Stefan Maree: “I agree 100% with the portfolio committee remarks. At least someone is starting to listen to estate agents. We made submissions on the new Proposed Property Practitioners Bill. And then they wish to widen the scope of the new bill to include more professions?”

Gill Linden: “Yes the EAAB need a wake-up call. They are just a money grabbing entity. One can never get any feedback from them and the wait for your FFC Certificate is ridiculous. They are quick to impose fines if an agent pays late but if you pay early you still don’t get your FFC for months.”

Mpho Monnakgotla: “It’s about time realtors and all stakeholders engage to discuss issues and problems within the industry and the EAAB.”

Kagiso Hume: “The EAAB’s main concern seems to regulate only black estate agents whereas they are doing nothing to clean up their house.”

Susan Pretorius: “From recent real time case studies on state-owned enterprises, we should learn the following; “rather be pro-active than to again apologise to the public”. To act when it is too late does not favour the entity nor the public that it is supposed to serve and protect. Public money and interests are at stake, if the EAAB is in non-compliance on governance issues, please act on it before it is completely dysfunctional.”

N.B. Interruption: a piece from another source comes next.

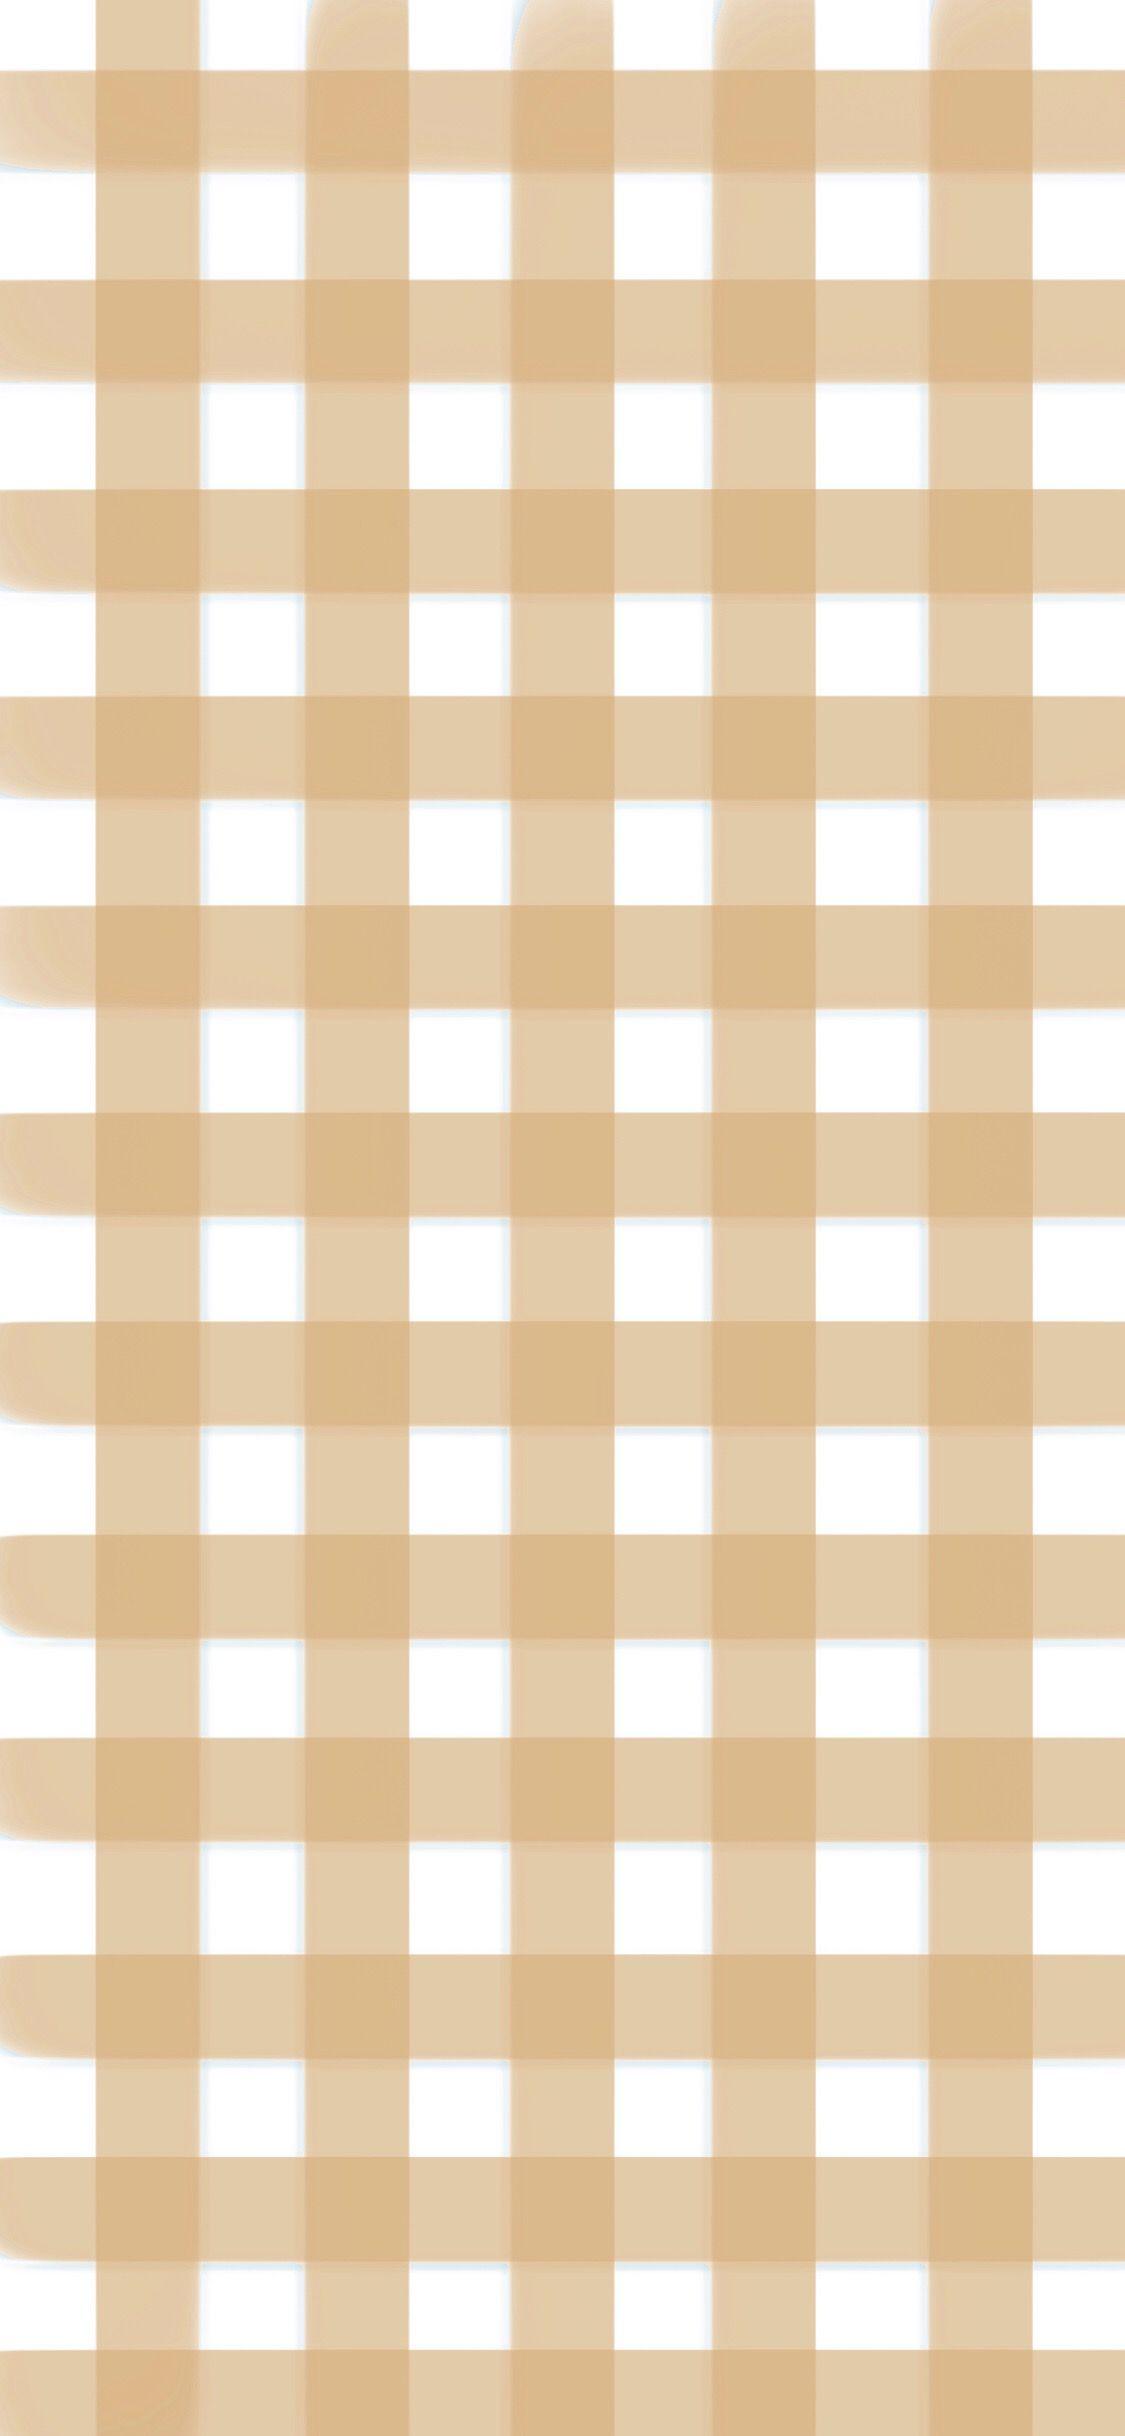 Pin Oleh Mieseyo Di Aesthetic Background Wallpaper Gaya Poster Kotak Kotak Wallpaper Kotak

Anita Stander: “The best news ever!!! The EAAB is a total mockery of the property industry. One is not even able to speak to someone at the end of a telephone line. Disputes are impossible to resolve. They demand outrageous FFC and CPD registration fees each year and are totally unable to offer a service in return.”

Bert Neethling: “Wonderful news. The EAAB has now failed themselves after failing the industry for all these years.”